Droits devants ! Prescription des fautes




Annie est embauchée en contrat saisonnier par une entreprise produisant des pruneaux en août 1999. Les contrats saisonniers se renouvellent jusqu’en avril 2007. Annie est alors embauchée en CDI. En juin 2008 avec une autre salariée et pour obliger l’entreprise à appliquer la convention collective, Annie demande la tenue d’élections du personnel et ensemble elles se portent candidates … La direction, outrée, mène une campagne de dénigrement, invite ­d’autres salariées à se présenter contre elles et ce sont ces « déléguées » qui sont élues.
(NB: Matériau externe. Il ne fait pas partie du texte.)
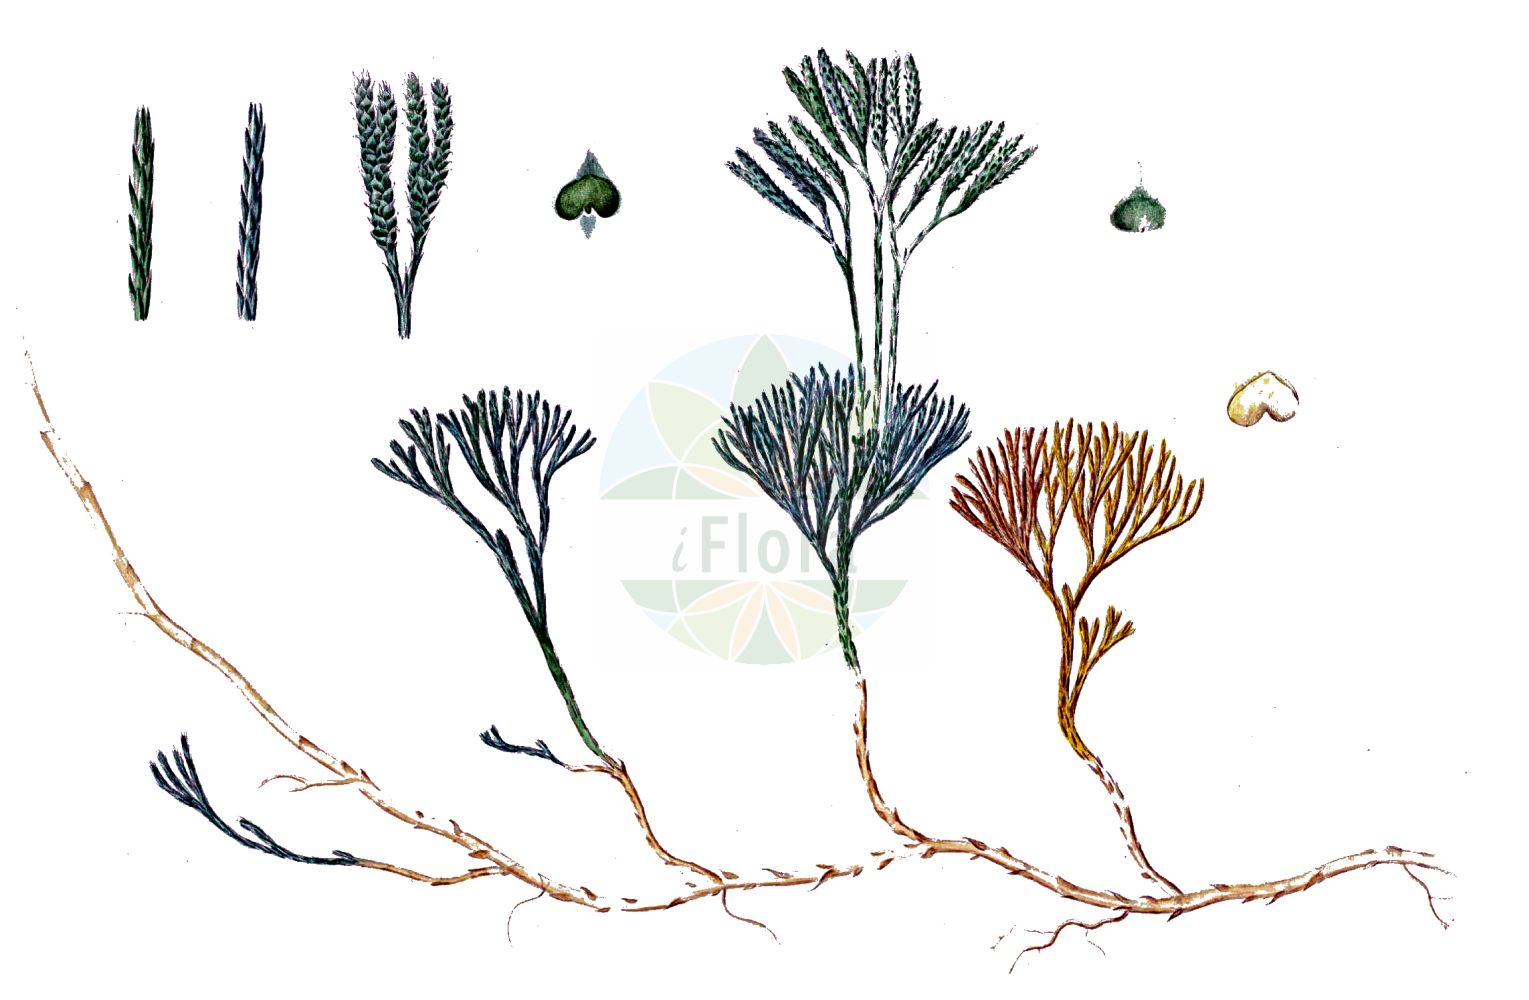 Historische Abbildung von Lycopodium complanatum (Gewöhnlicher Flachbärlapp - Issler's Clubmoss). Das Bild zeigt Blatt, Bluete, Frucht und Same. ---- Historical Drawing of Lycopodium complanatum (Gewöhnlicher Flachbärlapp - Issler's Clubmoss). The image is showing leaf, flower, fruit and seed.(Lycopodium complanatum,Gewöhnlicher Flachbärlapp,Issler's Clubmoss,Diphasiastrum complanatum,Diphasium anceps,Diphasium complanatum,Lycopodium anceps,Lycopodium complanatum,Lycopodium complanatum subsp. montellii,Gewoehnlicher Flachbaerlapp,Gewoehnlicher Flachbaerlapp,Issler's Clubmoss,Flat-stemmed Clubmoss,Groundcedar,Complanate Clubmoss,Lycopodium,Bärlapp,Clubmoss,Lycopodiaceae,Bärlappgewächse,Clubmoss family,Blatt,Bluete,Frucht,Same,leaf,flower,fruit,seed,Oeder (1761-1883))

Annie est licenciée pour faute grave en juillet 2012.

Le licenciement pour faute grave est « motivé » par la réclamation d’un client ayant trouvé un caillou dans un sachet de raisin sec. L’entreprise explique que ce sachet a été trié par Annie. Les feuilles de travail produites par l’employeur démontrent qu’en une heure, Annie a trié seule 500 kg de raisins secs… L’employeur précise dans la lettre de licenciement : « Ce type de manquement professionnel n’est pas une première vous concernant puisque nous avons eu à déplorer plusieurs anomalies depuis 2009 qui ont fait l’objet de remarques sur les fiches qualité » et fait référence à deux lettres d’avertissement déjà envoyées en 2008, puis en 2010.

La gravité d’un grief ne s’apprécie pas en fonction du seul fait reproché, mais aussi au regard d’autres faits, même déjà sanctionnés, donc le caractère répétitif peut justifier y compris une faute grave… à condition toutefois de respecter les règles de prescription des fautes.
En premier lieu, une faute déjà sanctionnée depuis plus de trois ans est prescrite. Ainsi l’avertissement de 2008 ne pouvait plus être utilisé. Ensuite les faits mentionnés dans l’avertissement de 2010 n’auraient pu justifier une sanction aggravée que s’il y avait persistance ou répétition du fait déjà sanctionné, ce qui n’était pas le cas. Restait les « remarques sur les fiches qualité » n’ayant jamais donné lieu à sanction et qui dataient pour la plupart de plus de trois ans et pour la dernière – qui ne concernait pas un problème de tri – de deux ans et deux mois. Si des faits connus depuis plus de deux mois par l’employeur ne peuvent « à eux seuls » donner lieu à une sanction, le juge a estimé que ces faits « ne peuvent au surplus (…) être invoqués à l’appui du licenciement dès lors qu’ils sont antérieurs de plus de trois ans à l’engagement des poursuites disciplinaires ».

Dès lors, « le manquement commis (…) constitue un premier manquement isolé, relevant plus de l’inattention que de l’insuffisance professionnelle et s’il constitue un motif de sanction disciplinaire, cette inattention ne saurait constituer (…) une cause légitime de licenciement ». Bref Annie aurait pu légalement être licenciée si six mois plus tôt elle avait laissé passer un autre caillou… Toutefois, ici, l’employeur a été condamné à verser 34 000 euros pour licenciement sans cause réelle et sérieuse.